Admittedly, mine is a more extreme case than most would have with spam. However, if these methods are effective with my extreme case, some of them can certainly be expected to be effective for lesser degrees of exposure and smaller amounts of resultant spam.
I have a lot of webpages and they used to have a lot of "mailto's" all over the place, which I am now removing.
I have replaced all those email links to me with this link: John Robertson.
As I revise my webpages, I am removing all mailto links to others and replacing them with such as the following:
You can no longer click on these and automagically pop up in your mail client with a pre-addressed email. They require that you jot down the email address and enter it manually. But they are much less likely to result in the address becoming a target for spam.
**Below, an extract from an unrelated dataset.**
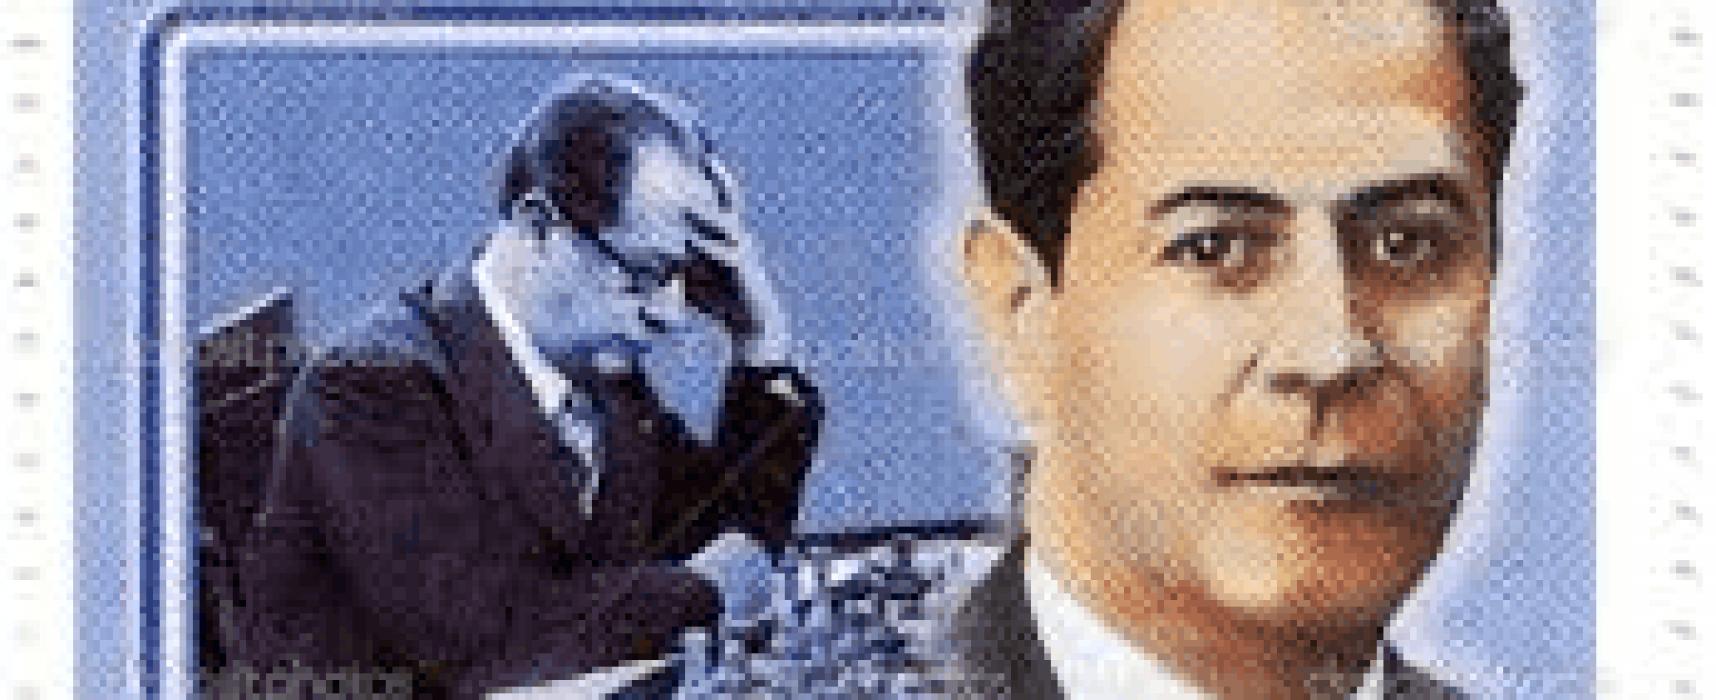 Próxima biografía de José Raúl Capablanca + Ajedrez y música
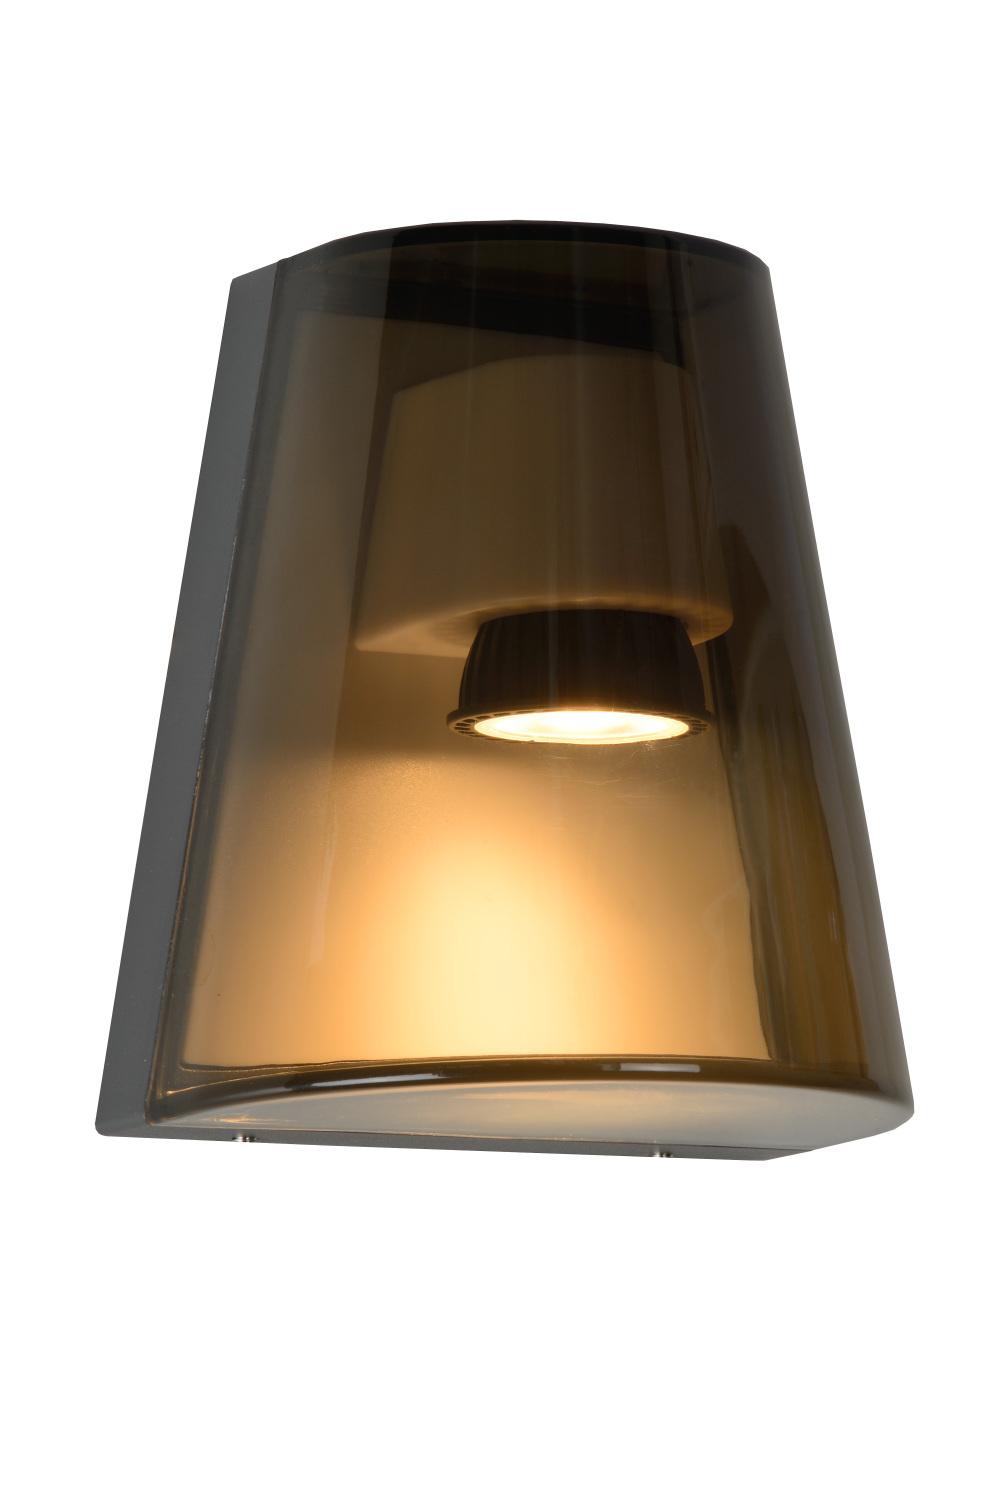 Lucide FREO Wandlicht IP54 GU10/12W H16.6cm Rookglas

Sam Spade is a powerful free program. One of its capabilities is to "crawl" your own webpages looking for email addresses "in the open" or concealed in "mail-to's". This is a very effective means of determining when you have removed all exposed email addresses from your webpages. It could also be used to determine if your email address is exposed on specific webpages belonging to others.
Some ways you can manage spam before it gets to your mailbox:
www.POBox.com $ A mail-fowarding service that removes most spam from your mail in the process. You can check the discards to retrieve any that shouldn't have been removed. Plans start at $15.95/yr. I've tried this and am impressed with price/features.
Mailwasher. A free program that you can download to your computer that screens your mail while still on your server, using a number of tools for removing email. For $29.95, you gain the option of accessing multiple mailboxes including Hotmail. Some blacklists used, considered, or yet to be tried for use with MailWasher:
SpamCopbl.spamcop.net Preconfigured in MailWasher. I found this one to be overly aggressive, marking too many good messages as bad, and have unchecked it for use for now.
ORDBrelays.ordb.org Preconfigured in MailWasher. I continue to use this one.
SpamHaussbl.spamhaus.org I am currently using this.